Coffee contains caffeine and many biologically active phytochemicals (e.g., polyphenols), and shows promise in preventing incommunicable chronic diseases, such as cancer, vascular diseases, and diabetes mellitus, type II.[7] In line with this, coffee or caffeine is suggested to be a potential therapeutic against AD, possibly by reducing amyloid-β (Aβ) in the brain.[8] Green tea also contains caffeine and various polyphenols, including epigallocatechin gallate (EGCG), which has antioxidant and anti-inflammatory effects.[9] Green tea has also been suggested to reduce the risk of AD, through its anti-Aβ effects.[10] Despite reports on the benefits of coffee, green tea, and caffeine, evidence from epidemiologic studies remains insufficient.

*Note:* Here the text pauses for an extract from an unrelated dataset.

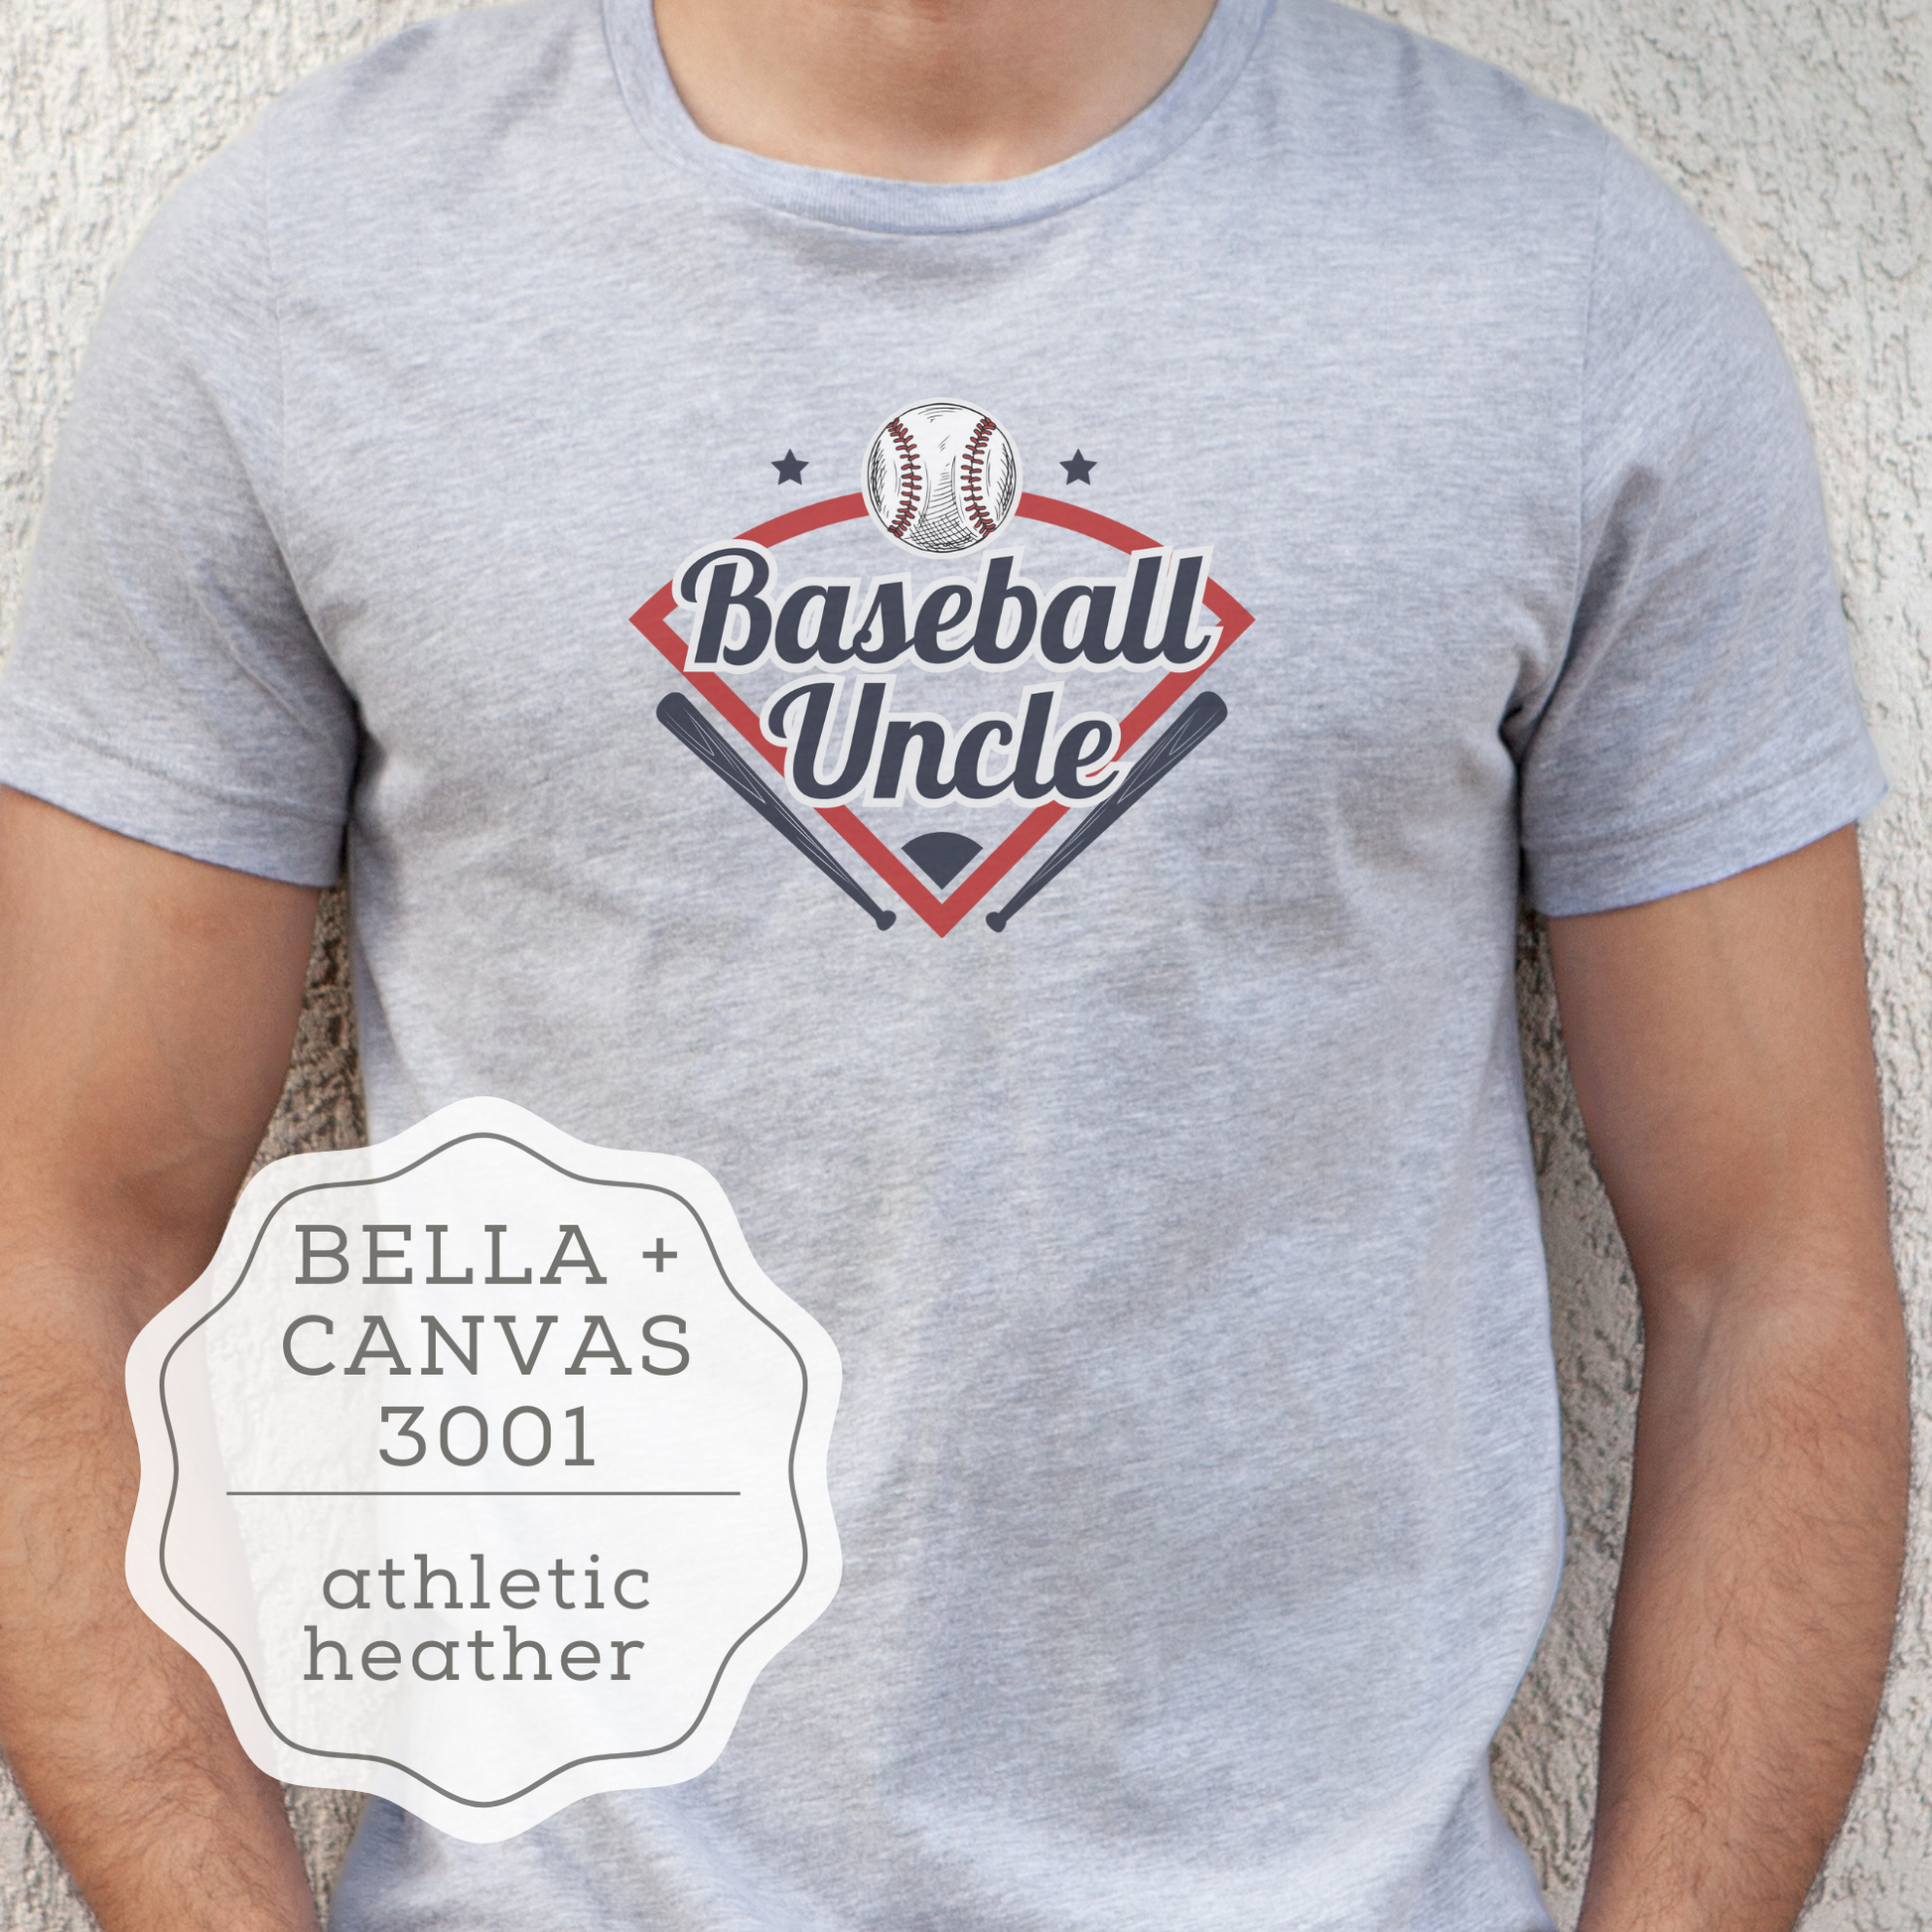 baseball shirt ideas for family

A systematic review by Larsson et al. suggested that, while some cohort studies showed a positive association between coffee consumption and dementia risk, the meta-analysis of eight studies overall did not reveal such an association.[5] The authors indicated the need for further well-designed epidemiologic studies,[5] in particular, cohort studies. With regard to the association between green tea and dementia, only a few cohort studies have been conducted on the topic.[6]

In 2011, we established a large-scale, population-based cohort to study age-related diseases, including bone diseases and dementia (Murakami cohort study).[11] A specific feature of the Murakami cohort is that it includes middle-aged and older individuals, while other cohort studies targeted older populations than ours.[5,6] Thus, our study may be able to identify modifiable factors of dementia in earlier stages than other cohort studies. Against this backdrop, the present study aimed to examine associations between the consumption of coffee, green tea, and caffeine and dementia risk in middle-aged and older people in an 8-year follow-up of the Murakami cohort.